Are encrypted PDFs supported?
User-password-encrypted PDFs work if you provide the password in the dialog. PDFs with owner-password restrictions (no-edit, no-print flags) can still be merged or split — pdf-lib treats those flags as advisory.
Does merging preserve bookmarks and table of contents?
Bookmarks from the first input PDF are preserved; bookmarks from subsequent inputs are dropped (pdf-lib limitation). Page numbers in the table of contents are remapped to the new merged-document numbering. For complex documents with critical TOCs, verify the output.
Can I rotate individual pages?
Yes. Each page in the merge or split UI has a rotate button (90°, 180°, 270°). Useful for combining mixed-orientation scans where some pages were fed sideways.
What about form fields and digital signatures?
Form fields are preserved through merge but field names may collide if multiple input PDFs use the same names. Digital signatures are invalidated by both merge and split — the cryptographic hash of the document changes.

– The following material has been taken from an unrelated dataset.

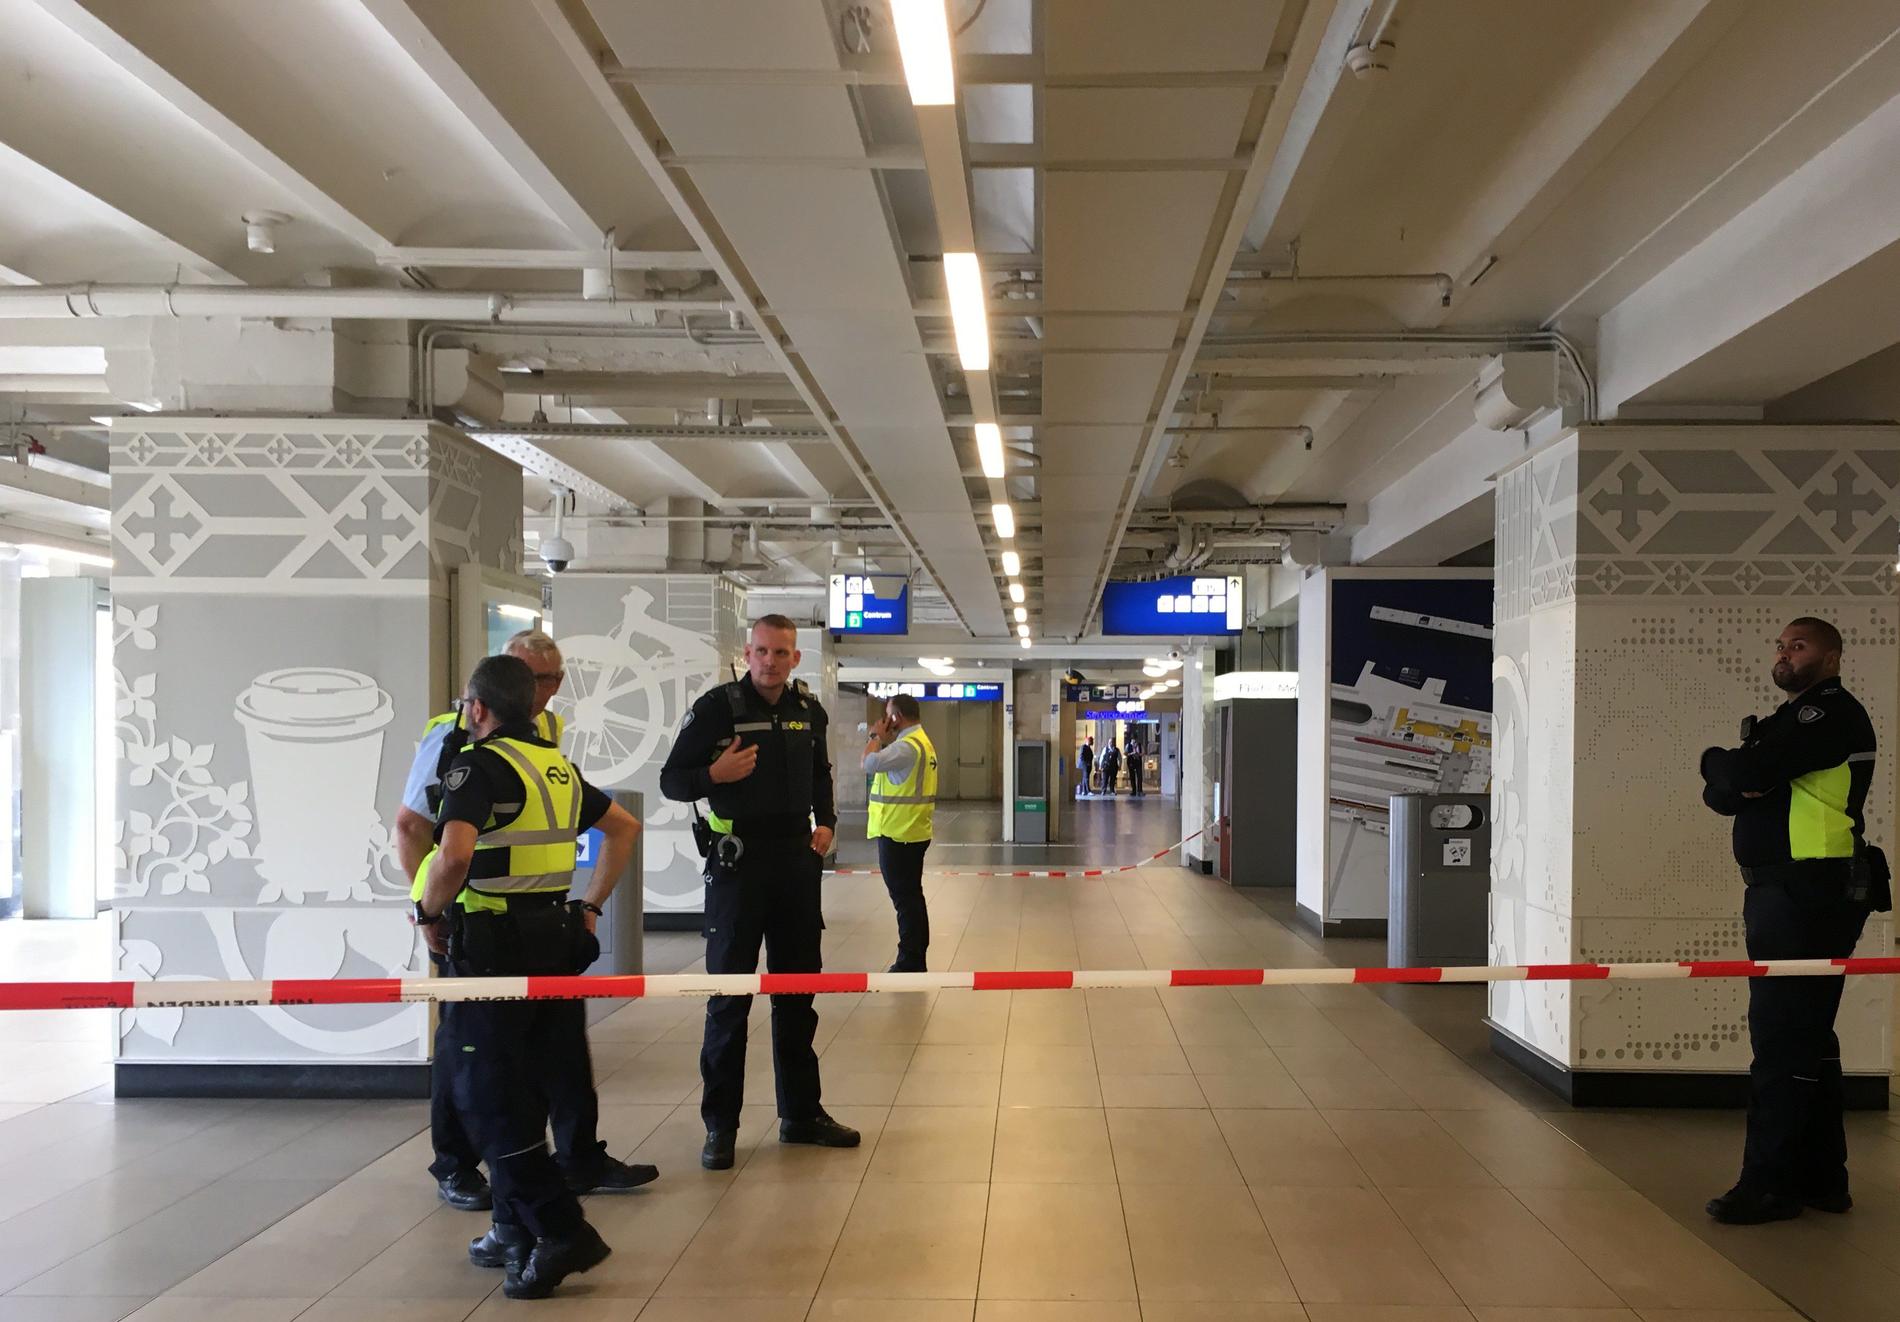 Amsterdams tågstation avspärrad efter knivattack.

Re-sign the output if signature integrity matters.
How are page ranges specified for split?
Comma-separated ranges: `1, 3-5, 7-9, 12` produces 4 separate PDFs (single page 1, pages 3-5, pages 7-9, single page 12). Ranges can overlap if you want pages in multiple outputs. The 1-indexed format matches the visual page numbers in the UI.
Are the output PDFs the same as the inputs?
The page content (text, images, fonts) is preserved bit-for-bit by pdf-lib. The PDF metadata (creator, modification date) reflects the merge/split operation. Cryptographic hashes of input vs output will differ even when the visible content is identical.
Is my PDF uploaded?
Never. Files are loaded into the browser via the FileReader API, processed by pdf-lib in JavaScript memory, and saved back via the standard download mechanism. The DevTools Network tab shows zero outbound requests during merge or split.